Additional Radiation Treatments
Having reviewed all the redone test and scan results, which showed two large areas of tumor on one side of my prostate, Dr. Zelefsky recommended that I also undergo traditional external beam radiation therapy. This process lasted six weeks and required me to go in for radiation treatments on a daily basis, Monday through Friday, with weekends off. The treatments themselves only took about 15 minutes.
I continued to play tennis throughout the radiation treatments, though I was noticeably weaker and more easily fatigued for the first three or four months. It bothered me enough that I asked Dr. Zelefsky about it at one of my appointments. He told me that the fatigue could last up to a year, but that I would eventually regain my strength. He said I also needed to take into account my age. Even without cancer, at my age you start naturally to lose some strength and stamina that you may have had just a couple of years earlier.

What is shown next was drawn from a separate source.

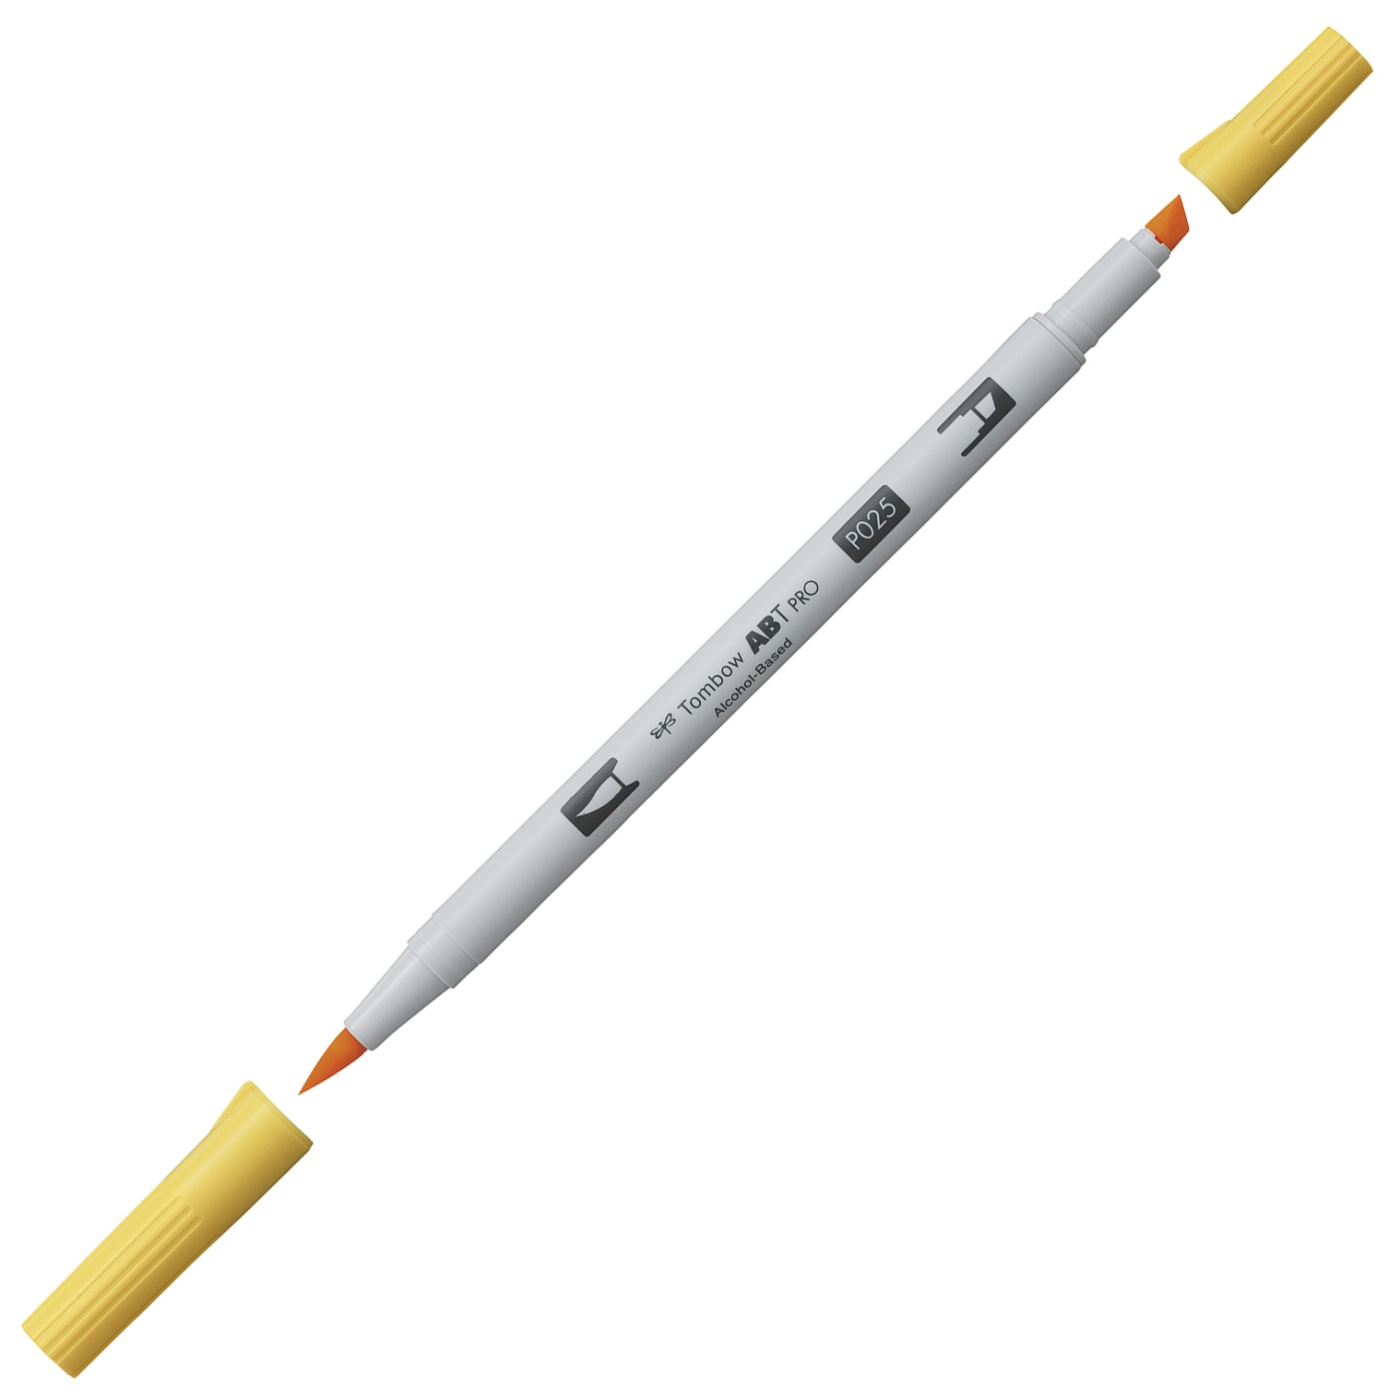 ABT PRO Dual Brush Pen 12-setti Pastelli ryhmässä Kynät / Taiteilijakynät / Sivellintussit @ Pen Store (101255)

In terms of other, more serious potential side effects, such as urinary or bowel problems, I was fortunate not to experience any of them.
Advice to Others — Don't Wait
My advice to other men is simple. If you feel sick, see your doctor. Prostate cancer is not the sort of thing that you can just ignore and it will go away. For men my age, it is definitely worthwhile to investigate any potential prostate problems. If you are diagnosed with prostate cancer, I believe you should look for both the best possible doctor and the best possible hospital for treatment.
“ I believe Mr. Schicht's very positive outlook was an extremely important component in getting through the treatment and doing so well. “
Michael Zelefsky , Brachytherapy Service Chief
For me, there was really no question that Memorial Sloan-Kettering was the place to go. Once I made that decision, 50 percent of all the other uncertainty was erased. And when I met Dr. Zelefsky, I knew that this was the man who would cure me. Seeking a second opinion is very important, but once you've received all the information then a choice must be made to move forward. Once you choose the right doctor and hospital, everything that follows becomes much easier.